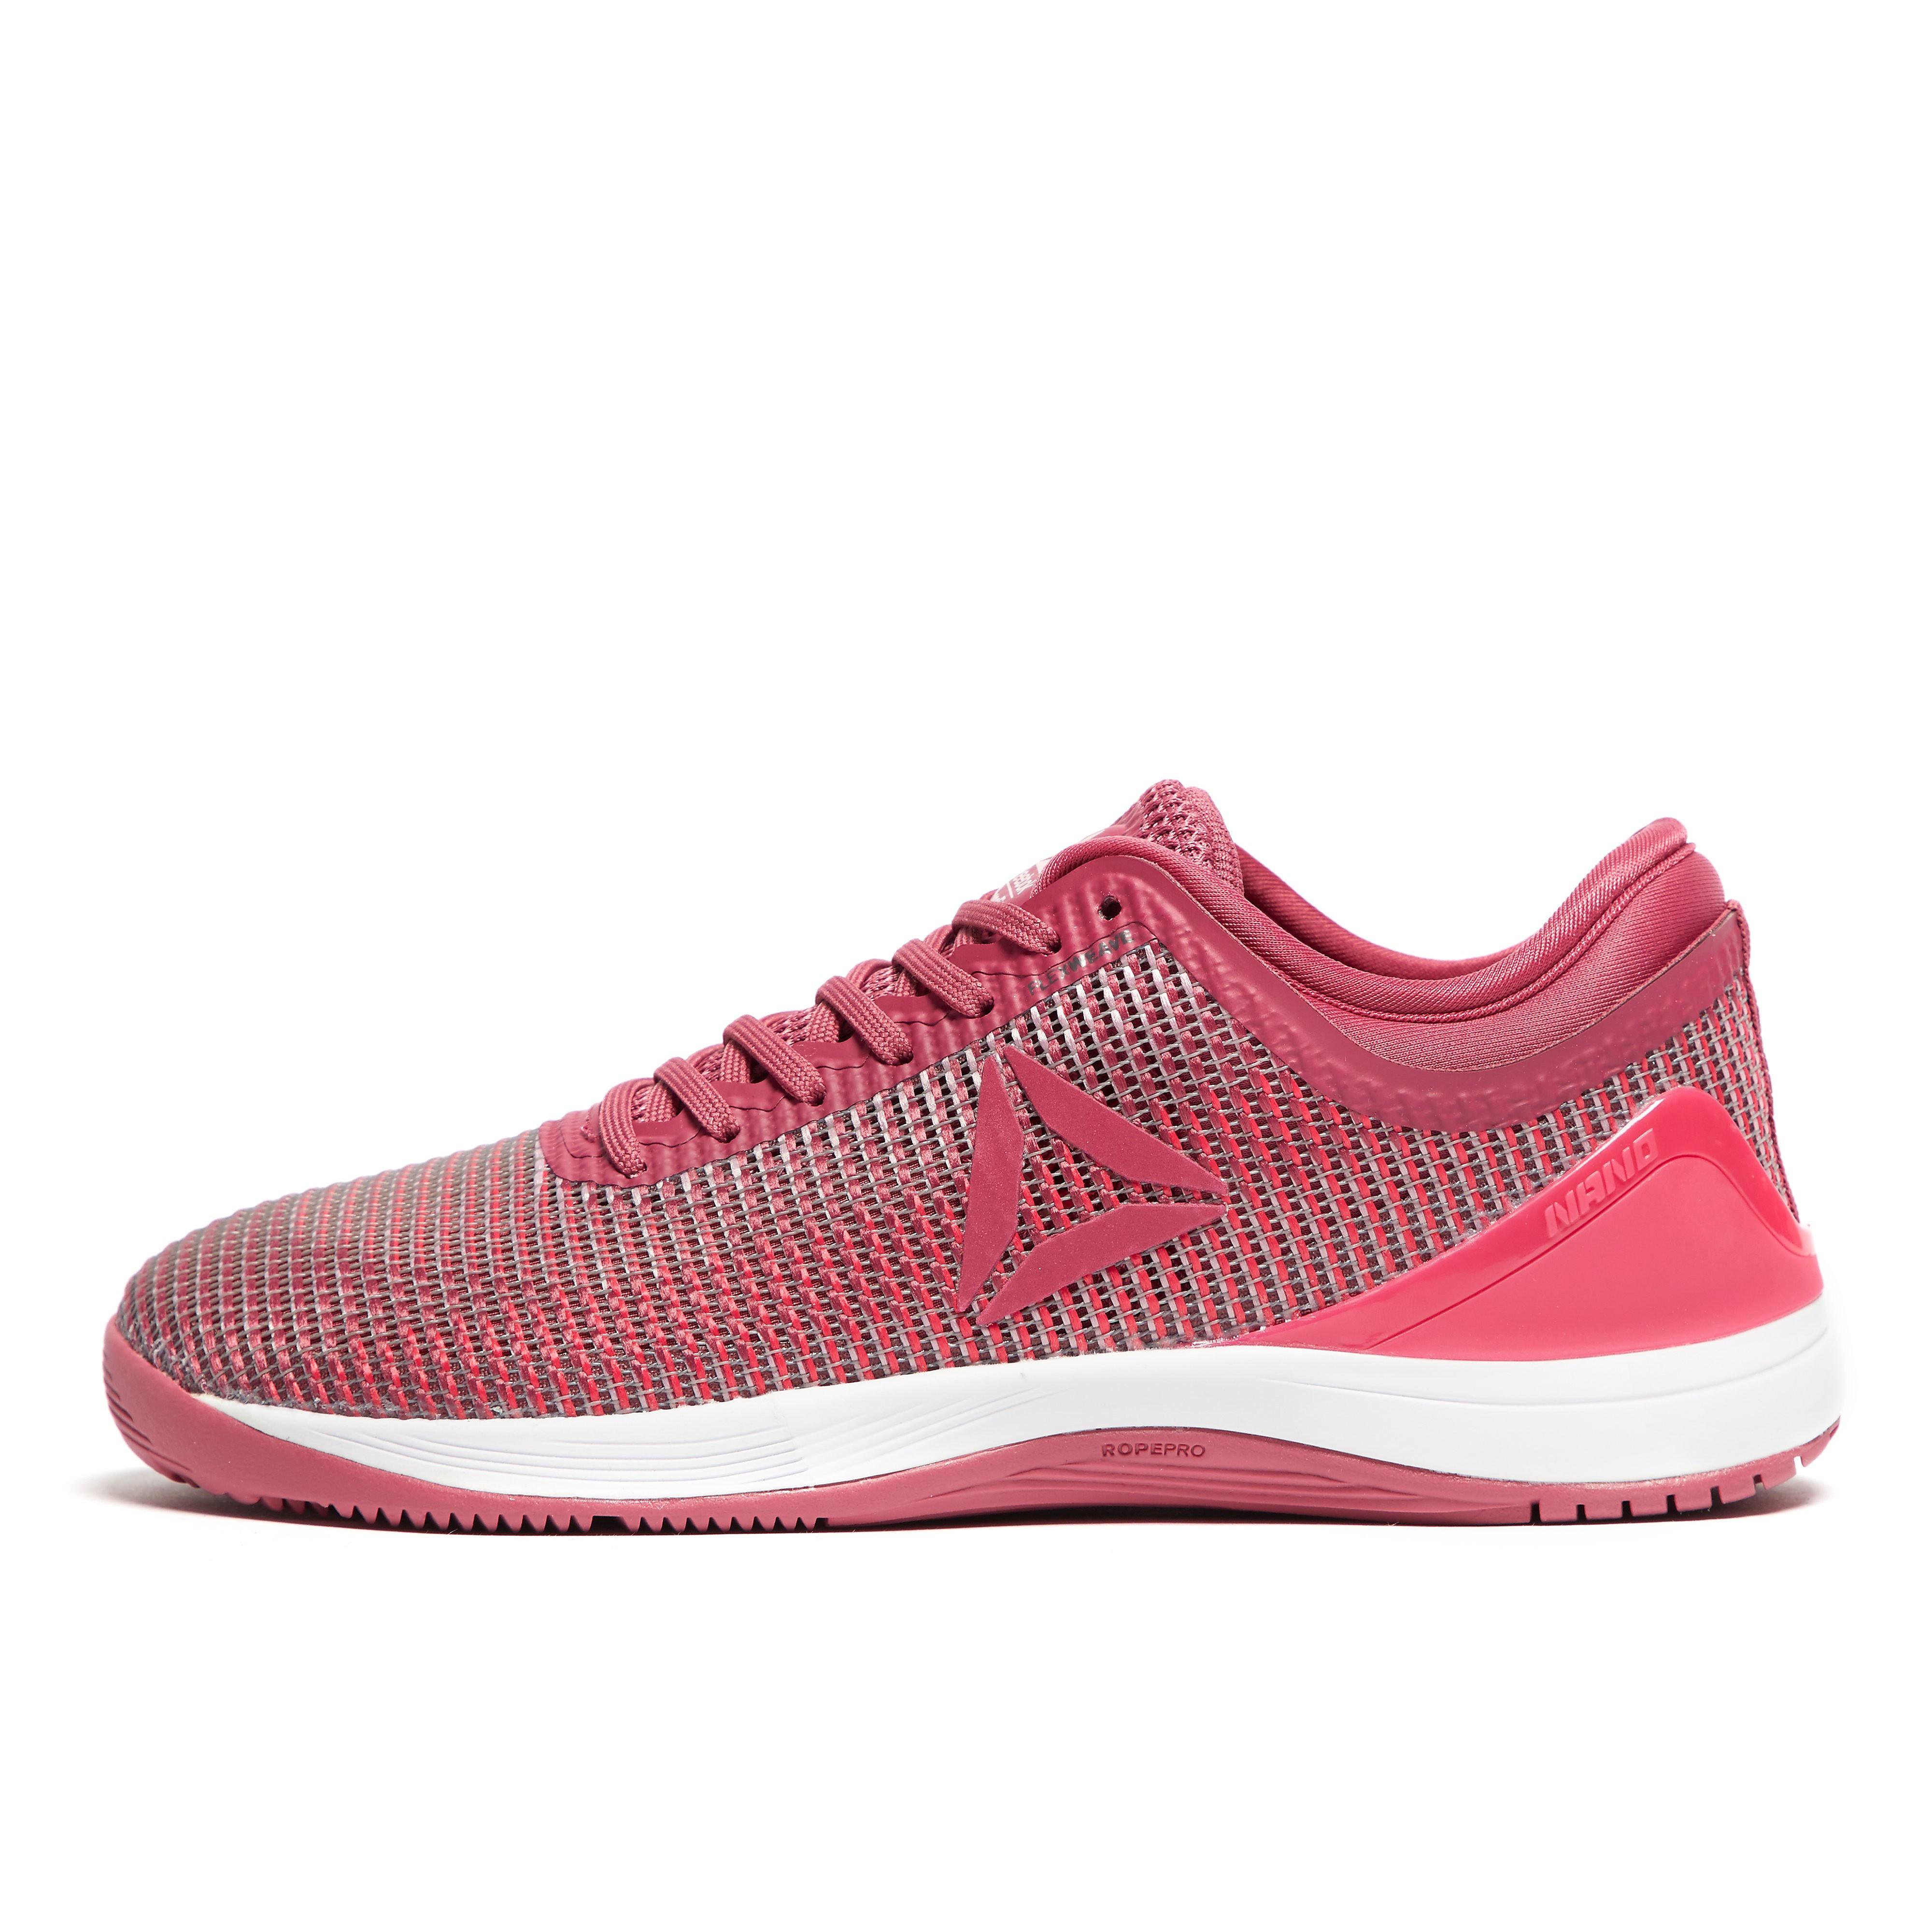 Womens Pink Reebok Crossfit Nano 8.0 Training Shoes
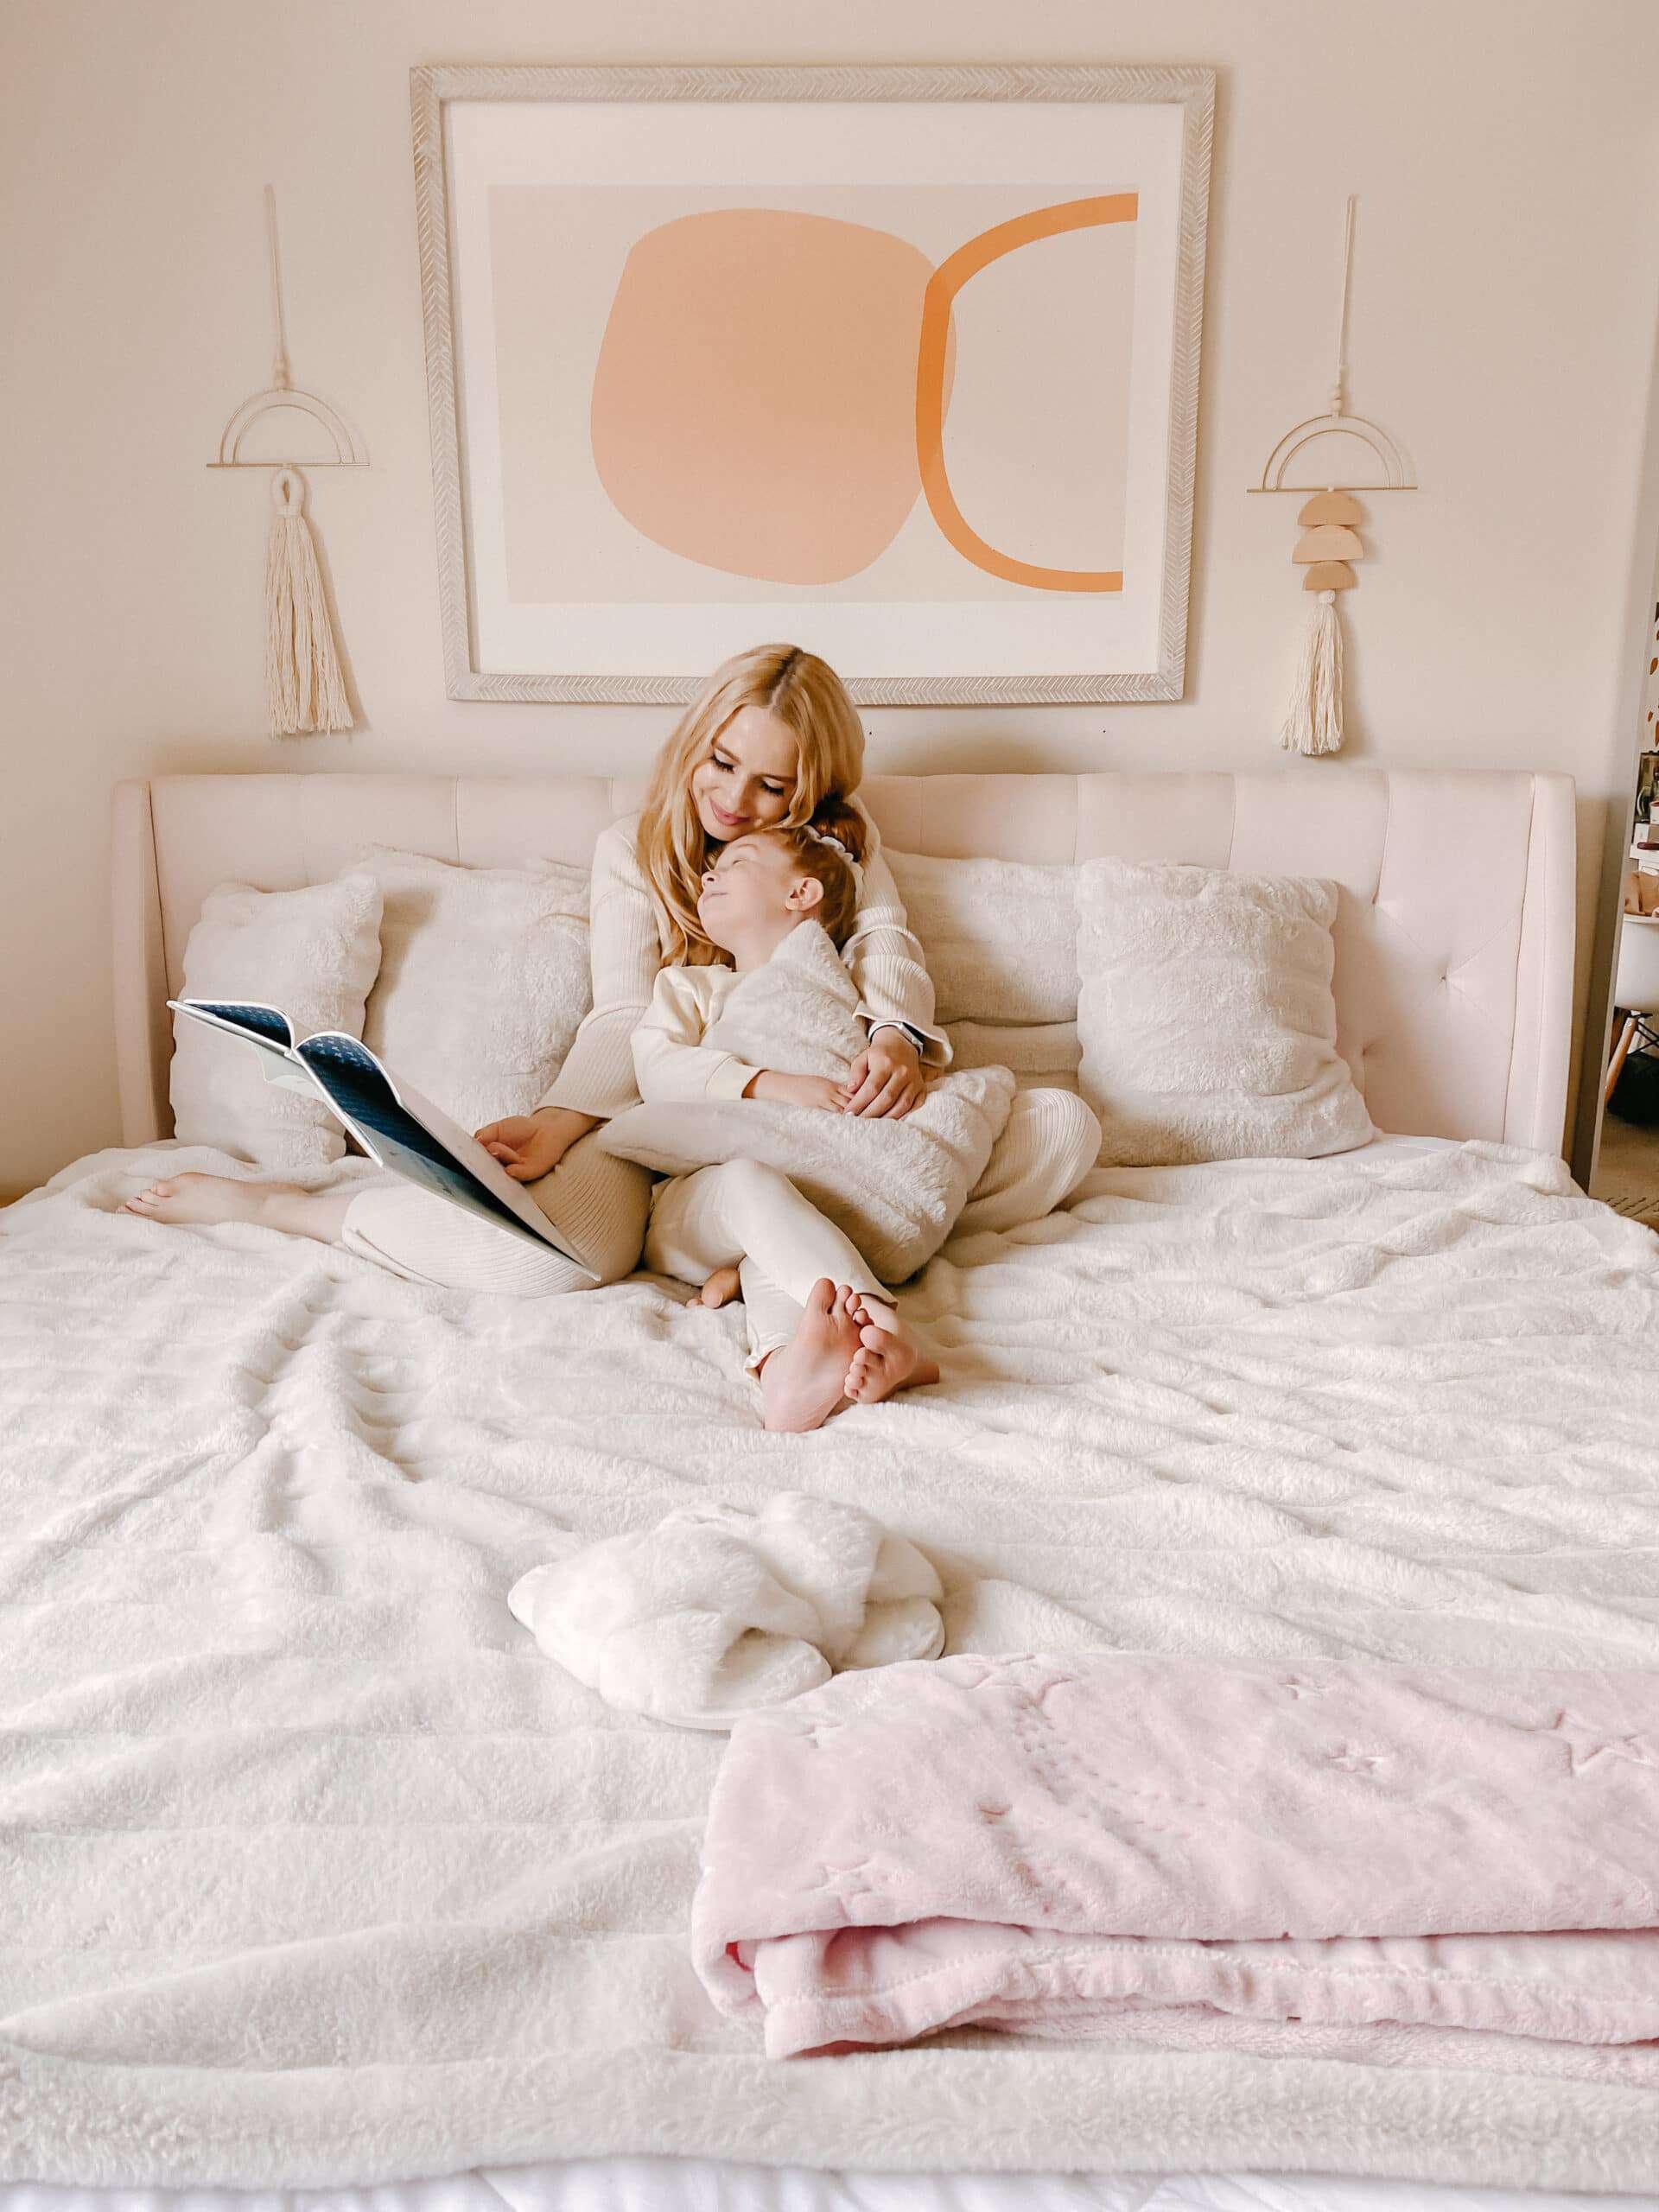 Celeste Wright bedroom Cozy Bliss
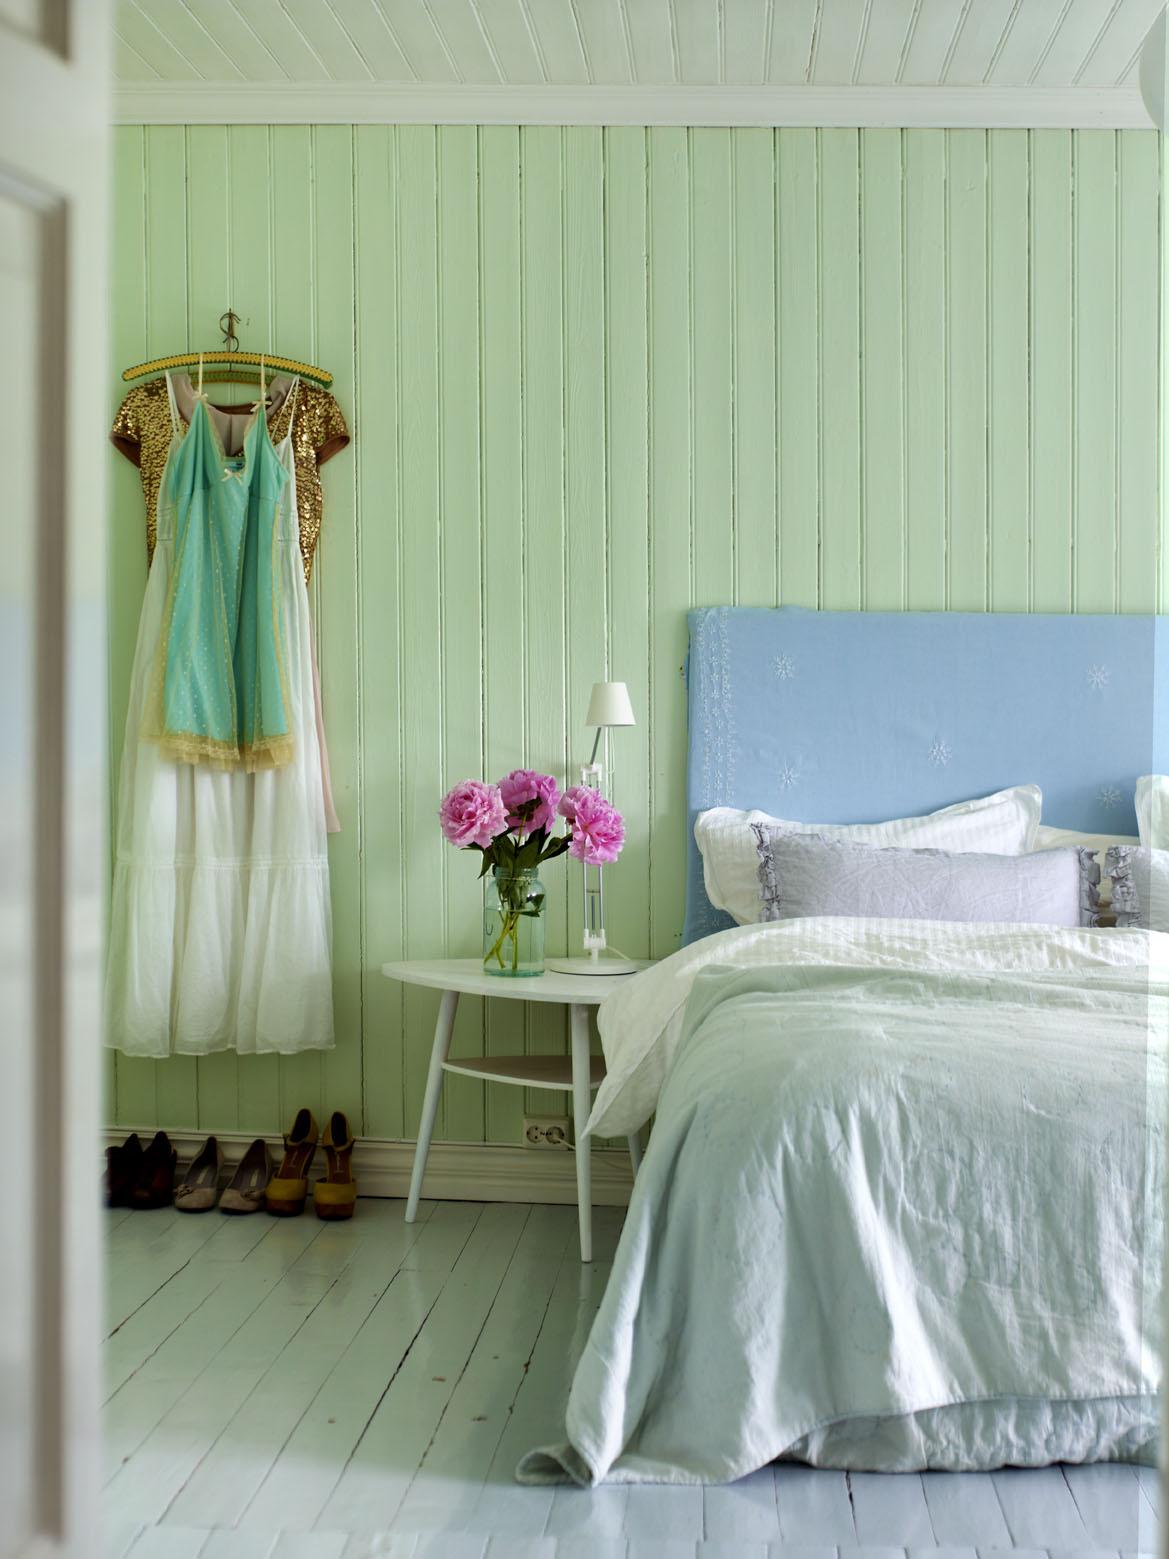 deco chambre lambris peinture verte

================================

* TASK BRIEF *
The data above is to be printed exactly, all of it, except for the pictures.

* SOLUTION FOR THIS PROBLEM *
 Womens Pink Reebok Crossfit Nano 8.0 Training Shoes
 Celeste Wright bedroom Cozy Bliss
 deco chambre lambris peinture verte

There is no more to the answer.